The experimental results were initially analyzed by Affymetrix Power Tools to determine the quality of the genotyping results based on the manufacturer’s instructions. Briefly, the ratio of the target probe signals and background noise signals (DQC: Dish Quality Control) were higher than 0.82. We also applied the initial SNP filtering of FLD (Fisher’s linear discriminant) > 3.6, HetSO (heterozygous strength offset) > −0.1, OTV (off-target variant) > −0.3, Finally, we selected 778,329 recommended SNPs for further analyses.

For each of the 778,329 SNPs, quality control procedures were performed before association testing. SNP sets were filtered according to the genotype call rates (≥0.95) and MAF (≥0.01). The Hardy–Weinberg equilibrium (HWE) was calculated for individual SNPs using an exact test. All SNPs reported for this study this article exhibited HWE p-values > 0.01. After filtering, 313,740 SNPs were analyzed on chromosomes 1 through 22.

2.5. Imputation of SNPs

While previous reports only used the experimental genotyping data [30]. In this study, to expend the genome coverage of our genome-wide SNP dataset, we performed imputation analysis using minimac4 [36] at the Michigan imputation server with the 1000 G Phase 3 v4 reference panel [37]. Phased GWAS genotypes were uploaded to obtain imputed genomes. After imputation, 5,512,463 SNPs were analyzed on chromosomes 1 through 22.

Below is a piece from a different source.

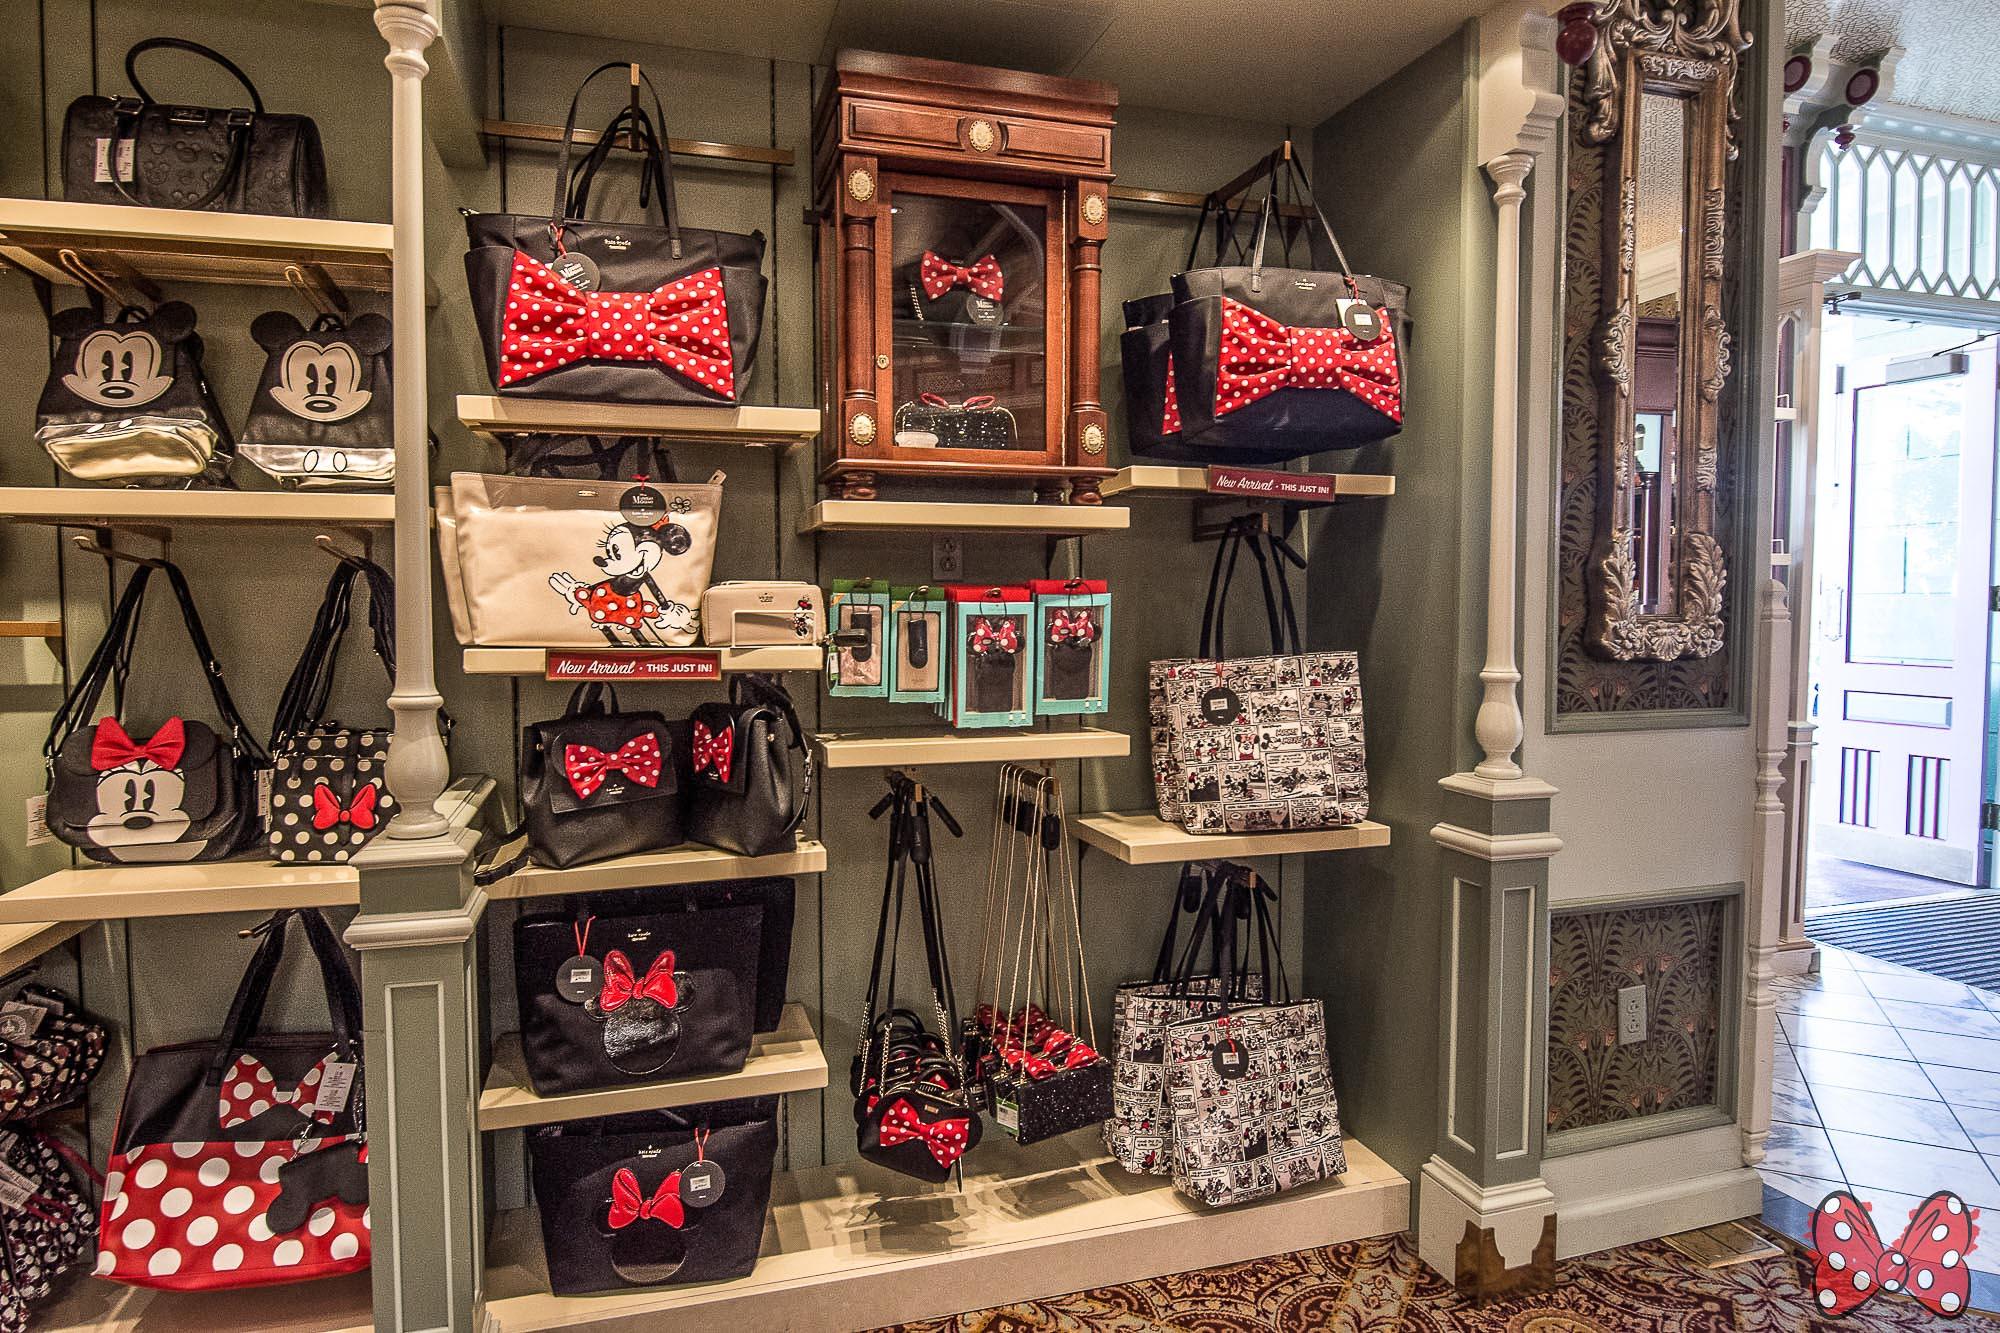 New Gorgeous Kate Spade Handbags At Magic Kingdom Blog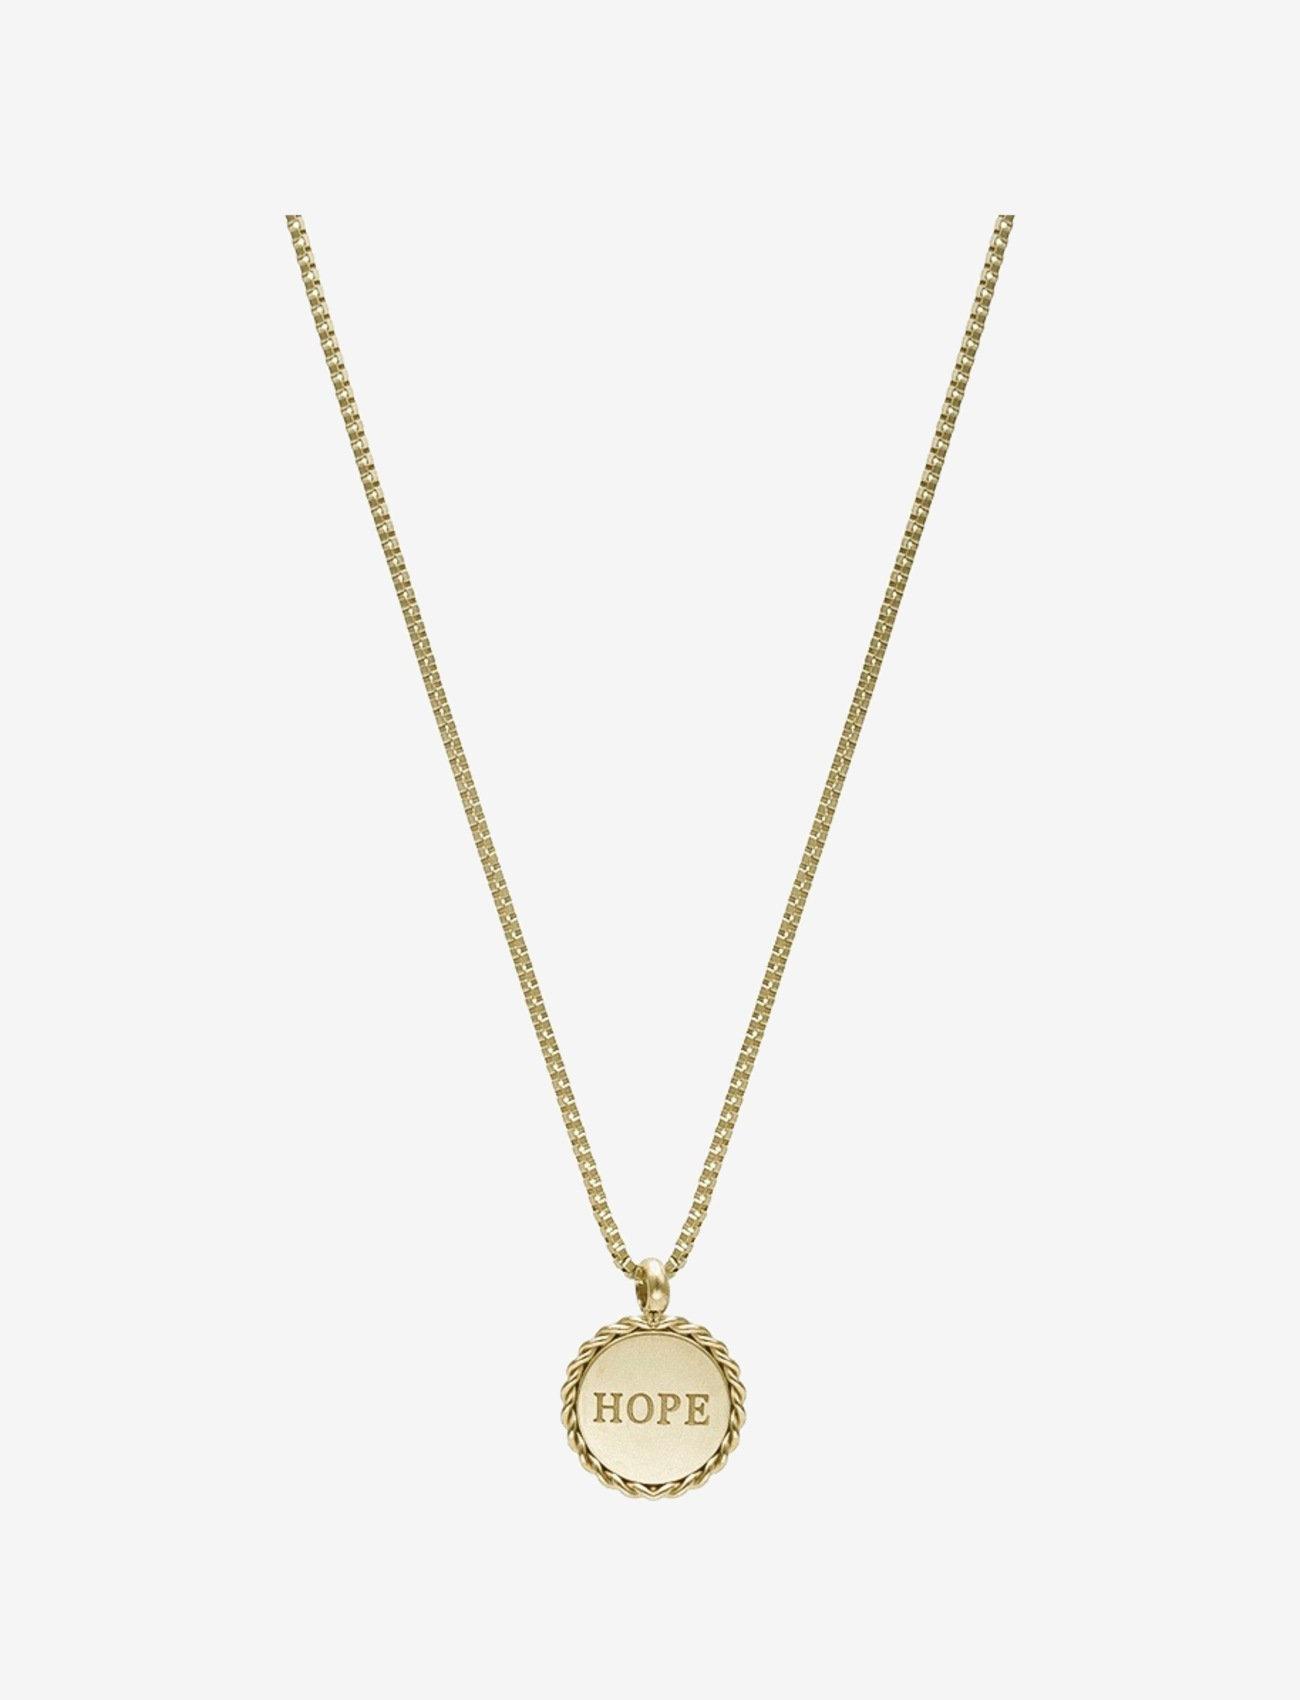 Bud to rose - Hope Short Necklace Steel - kettingen met hanger - gold - 0

2.6. Genome-Wide Association Scan

The linear regression analyses were performed for each skin phenotype with controlling the age as the covariate by using PLINK version 1.90 (https://www.cog-genomics.org/plink/ accessed on 6 September 2022) [38]. Also, the phenotype characteristics were analyzed by the SPSS (IBM SPSS Statistics Inc., New York, NY, USA) [39] and R Statistical Software [40]. We calculated the beta coefficient and standard error (SE) values for the association test. We used the inverse-variance meta-analysis method, assuming fixed effects, with Cochran’s Q test to assess differences in heterogeneity between previous and present populations [41].

3. Results

3.1. Study Population and the Results of Skin Measurements

A summary of facial phenotype measurement data is shown in Table 1. The collection conditions and collector (P&K agency) were the same as those described in a previous study. The sample recruitment method was the same as the previous study, and the sample was collected randomly. However, in the randomly recruited sample this time, the measurements of several skin phenotypes showed different characteristics than before. However, since both populations were randomly collected, they were combined and analyzed. We analyzed the skin phenotypes of 1340 total participants (100% women) with an average age of 41.65 years. The study population comprised 1079 participants from the previous study, with a mean age of 40.81 years, and 261 participants from the present study, with a mean age of 45.10 years. The differences between cohorts were tested statistically and are listed in Table 1. The five facial phenotypes were analyzed using each measurement device. Additionally, phenotypic measurement values were classified by scoring, and the measured scores were integrated. Table 1 shows the scores of the corresponding tertile groups for each of the four scales summed up and with one mean integrated score. The measured image difference between the different values for wrinkles are shown in Figure 2.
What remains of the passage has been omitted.